Philip sees Distillery Botanica as a logical progression of this career in horticulture.
“Rather than simply growing plants as I did with Renaissance Herbs, I now grow them and capture their essential nature by distilling them into superb international award-winning drinks,” he says.
These drinks include Moore’s Dry Gin and Distillery Botanica Gin, among others. As for the accolades, the company has won eight gold medals and seven silvers between the years 2008 and 2018 at the International Wine and Spirit Competition in London and the San Francisco World Spirit Competition, two highly regarded shows. Philip’s success can be attributed to his dedication of perfecting his spirits, as well as the hundreds of trials he’s conducted and the countless hours spent getting his mixes right. He’s also passionate about keeping everything natural, and that means no artificial flavours or colours are used in his creations.
So what makes a good gin? There are a handful of requirements, the first of which is having a base alcohol that is “immaculately clean”, says Philip. The botanicals must also be of the highest quality, and the water used should enhance the taste of the distilled spirit. Two other determining factors come down to skill and experience – the mastery of the distillation process, and an understanding of how to blend the botanicals to create a balance of flavours. For Moore’s Gin, angelica from Philip’s garden is used, while Distillery Botanica Gin has been infused with rose, chamomile, sage and murraya flowers. Philip also grows ginger, galangal, turmeric, mandarins, lemon verbena, kaffir lime, curry leaf trees, lemon myrtle and cinnamon myrtle. When it to comes to getting the most from these various flavours, Philip follows a long process during which he extracts the essence and aromas of flowers and botanicals by laying them down on solidified coconut oil. He lets them rest for a few days until their fragrances have diffused into the oil. This results in a pure perfume.

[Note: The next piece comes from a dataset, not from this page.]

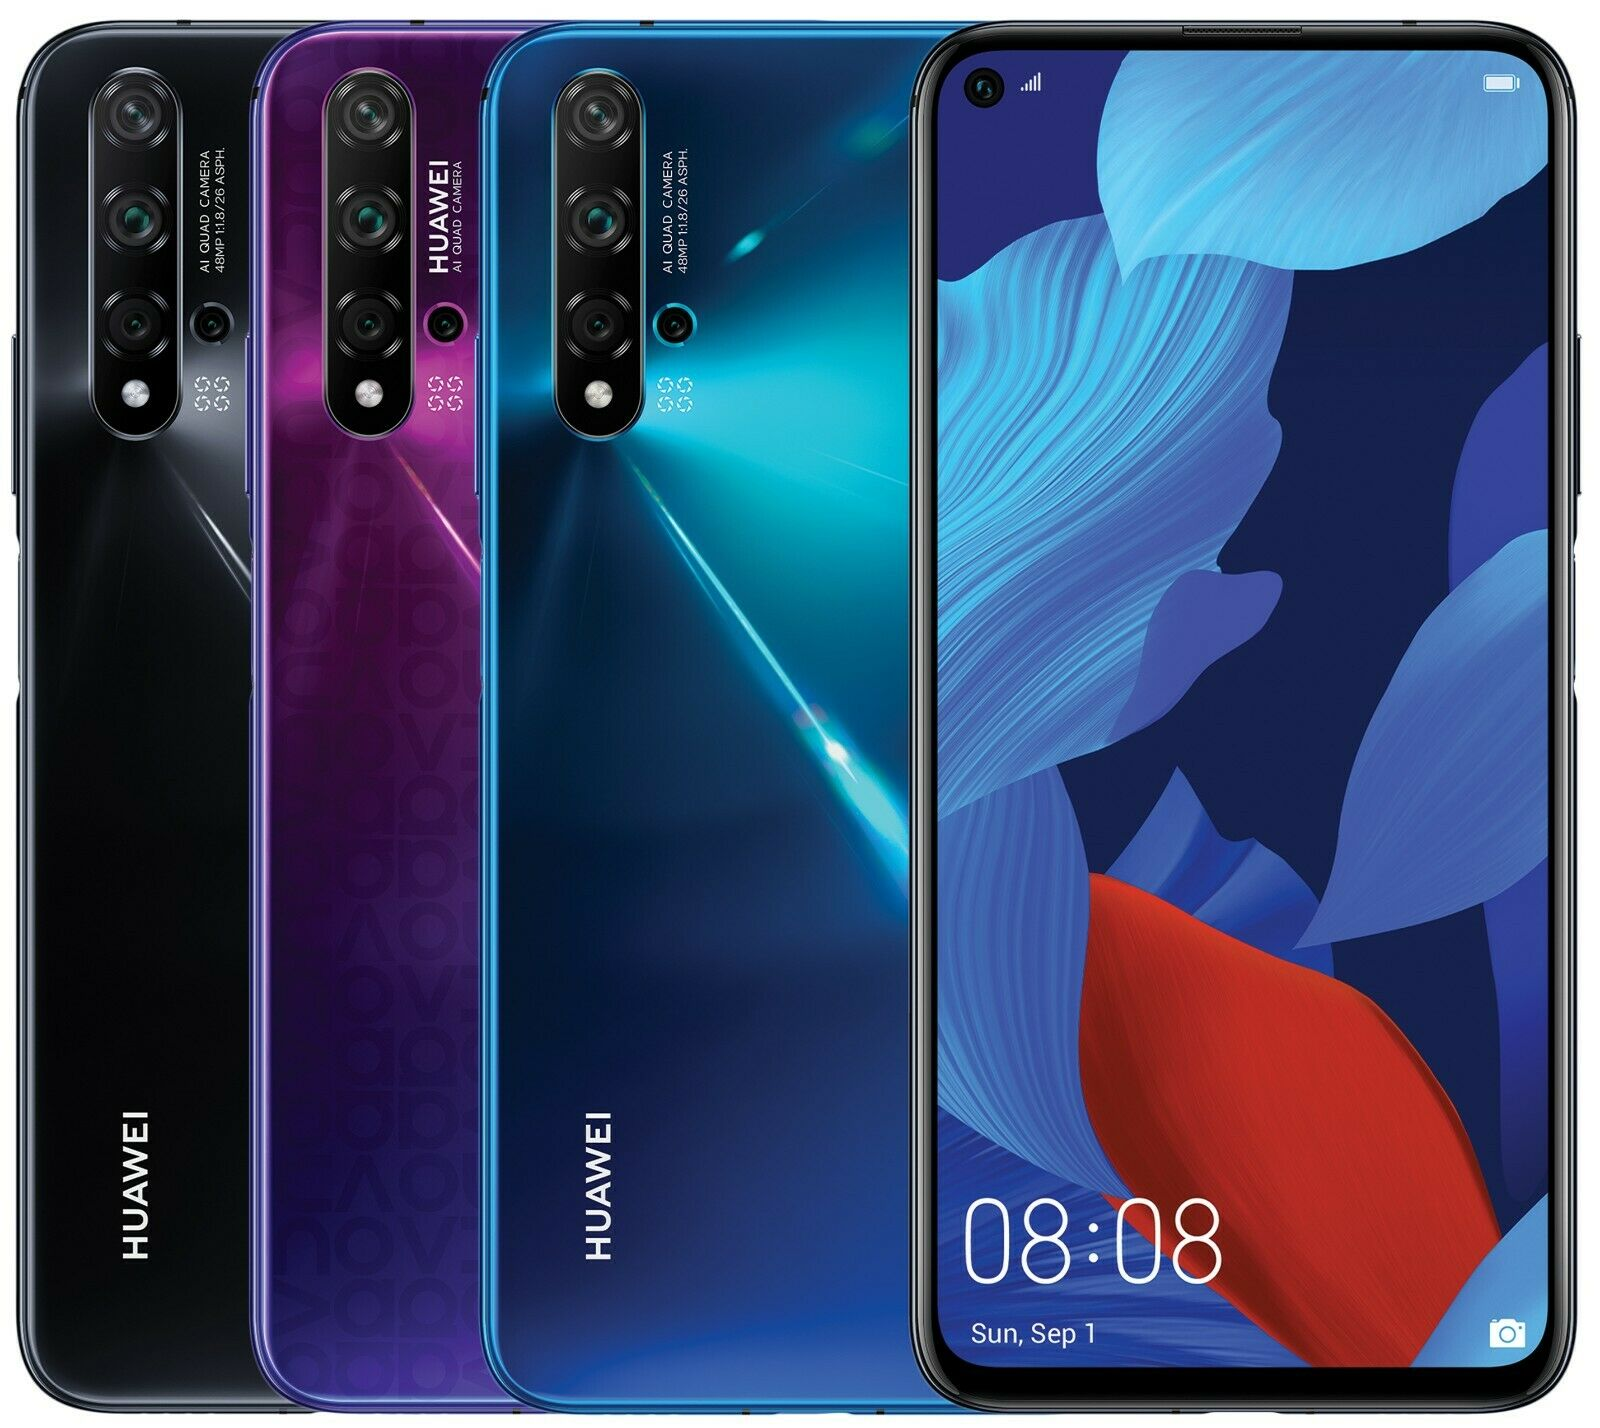 Huawei Nova 5T YAL-L21 128GB 8GB RAM (FACTORY UNLOCKED) 6.26

Although there are no garden tours available at Distillery Botanica, Philip occasionally hosts gin days and visitors are welcome to stroll around the grounds at their leisure. You can also stop by for a cellar-door tasting and purchase drinks to be taken away. If gin isn’t your favoured libation, you can opt for Mr Black Cold Brew Coffee Liqueur. Made entirely from coffee beans, with zero artificial flavours, this liqueur packs a punch. The beans are imported from Columbia, Kenya and Papua New Guinea, and have tones of caramel, toffee and chocolate, with a “lively acidity”. And, as if Philip wasn’t busy enough, he is also proud that the entire process of coffee roasting, grinding, infusing and bottling is done by hand at the distillery, with the liqueur sold throughout Australia, the United Kingdom, and America. Along with those three beverages, Philip also produces lemon myrtle liqueur, made with the leaves from Distillery Botanica’s own lemon myrtle trees, raspberry liqueur and vodka.